After taxes, net income for U.S. p-c insurers grew to $63.8 billion in 2013 from $35.1 billion in 2012. Increases in pretax operating income, net income after taxes and overall return rates are largely attributable to the improvement in underwriting results, which mark not only a $30.9 billion swing from $15.4 billion in net losses in 2012, but also the first underwriting profit since the recession.

“There are many factors that affect industry profitability—some are controllable, some are not,” says Darren Gill, senior financial analyst at ALIRT Insurance Research. “The most notable in 2013—and the least controllable—was low catastrophe losses.”

Still, “an industry underwriting profit is fairly rare, having happened only five times since 1999, and never more than two years in a row,” Gill says. So even if 2013 was a catastrophe anomaly for the p-c industry, an underwriting profit is significant—and it has direct implications for the independent agency system.

According to economist Bob Hartwig, president of the Insurance Information Institute (I.I.I.), agents who work in both personal and commercial lines can expect “modest growth” through the rest of the year. “I think there’s enough momentum both in rates and in the economy to continue that growth into 2015 at modest levels,” Hartwig says. “In terms of rates, in both personal and commercial lines, expect to renew in positive territory—albeit somewhat more modestly in commercial lines in 2014 than in 2013.”

But that won’t necessarily apply across the board. “The wild card for many agents is going to be the strength of their economy locally,” Hartwig explains. “To the extent that agents operate in parts of the country where the economy is improving more rapidly than others—that puts more income in the hands of clients. We see the basic drivers of demand for insurance products very enormously right now, but it depends on where you are in the country.”

And Gill warns against reading too much into the successes of just one calendar year. “Agents sell insurance in good times and bad,” he says. “One profitable year for the industry is not a trend. The industry enjoyed price increases over the last couple of years, but those increases appear to already be waning.”

But Hartwig says carriers remain disciplined and the market competitive. “I don’t see the sort of destructive competition that many people envision when they talk about markets softening,” he says. “If there’s some moderation in rates, particularly in commercial lines, it’s associated with the fact that combined ratios have come down as a result of the rate increases of the past three years or so.”

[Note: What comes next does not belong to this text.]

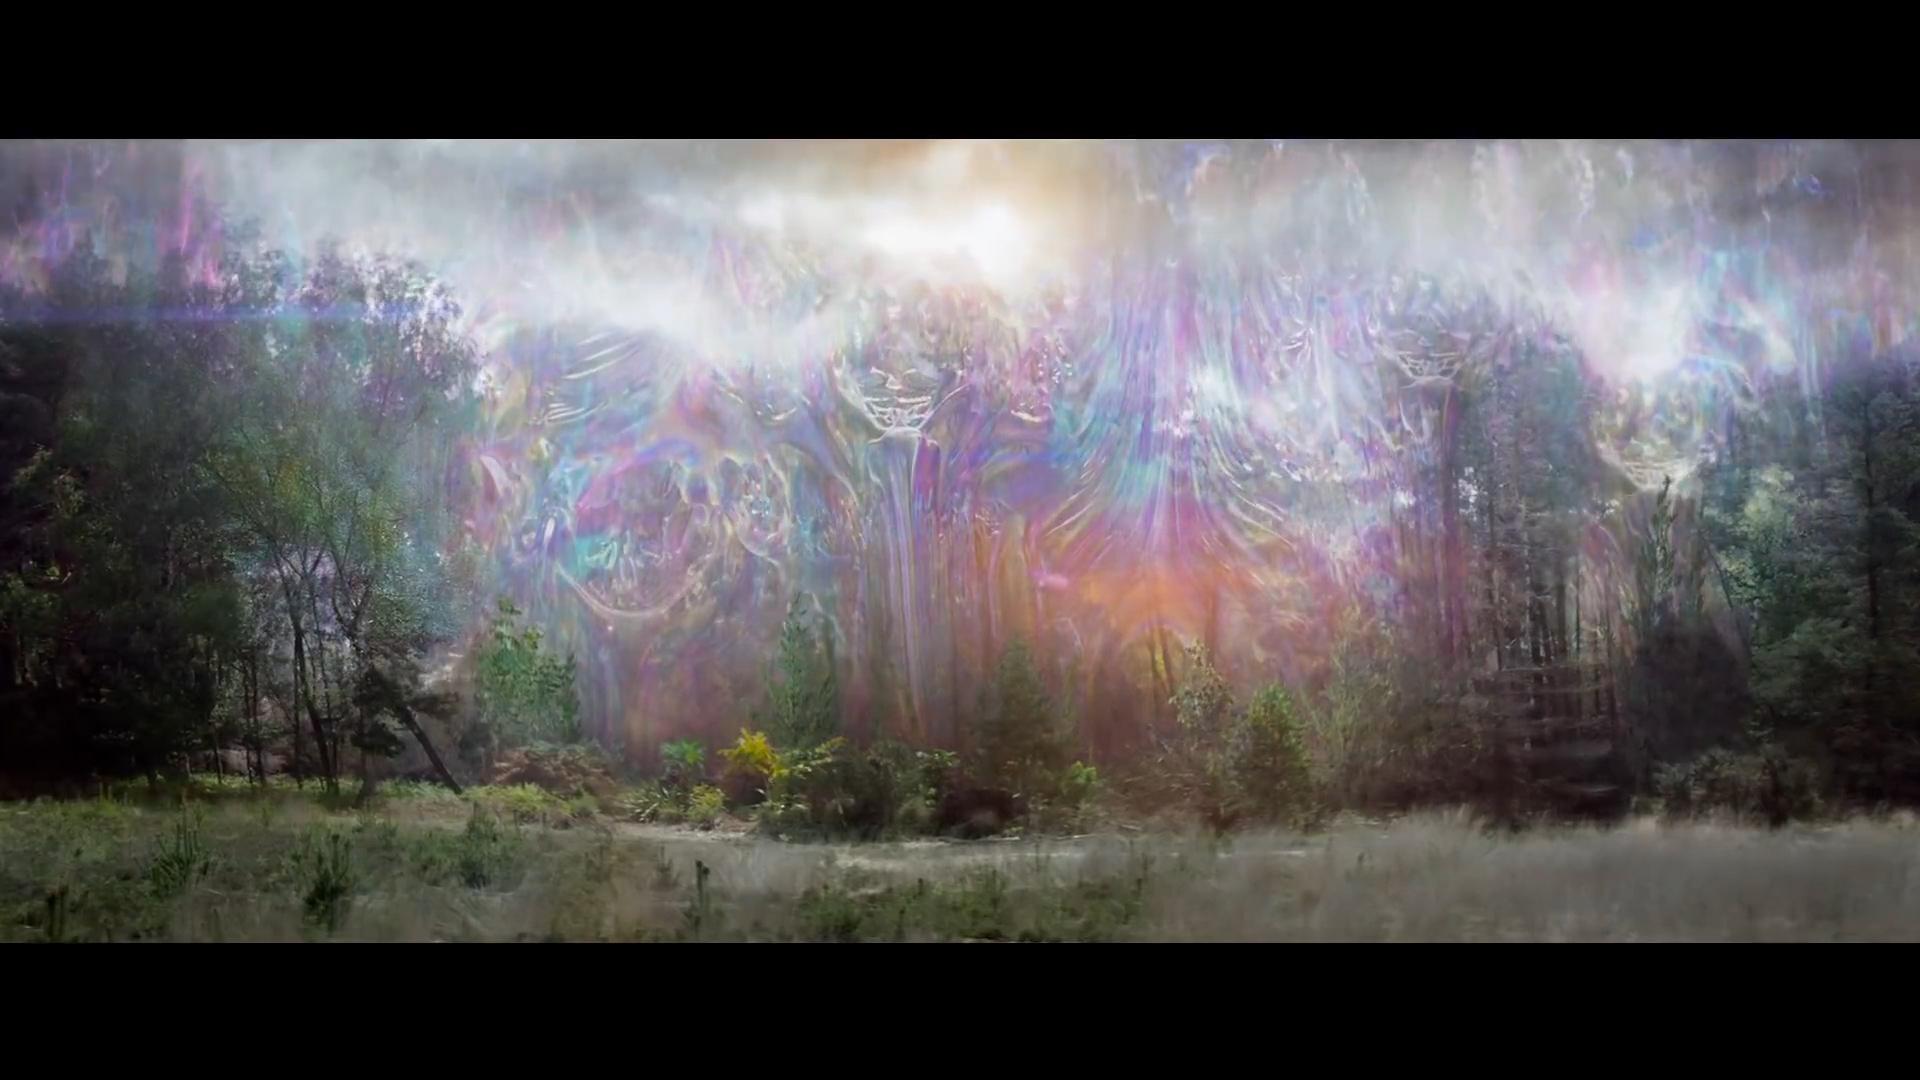 [1] Annihilation - Official Trailer

While combined ratios have been generating underwriting profits or close to it for many lines of coverage, others still have some work to do. “I would say agencies that write a lot of workers comp business would tend to see above-trend growth,” Hartwig says. “And I would say agencies that write a lot of homeowners business would tend to see above-trend growth, particularly in the eastern two-thirds of the country.”

Perhaps most important, the p-c industry is steeled to handle a return to normal cat levels in 2014. Although the third quarter tends to be largest for cat losses due to hurricane and wildfire seasons and “a lot can happen between now and then,” Hartwig expects numbers to remain strong throughout the year.

“The industry is better capitalized than it’s actually ever been in its history—it’s absolutely ready for really anything that Mother Nature or mankind could send its way,” Hartwig says, noting that carrier stability applies not only to natural disasters but also business risks like cyber liability. “Even if we move back to a more typical level of catastrophe activity in 2014, I think the industry still stands the chance of running an underwriting profit.”

Jacquelyn Connelly is IA assistant editor.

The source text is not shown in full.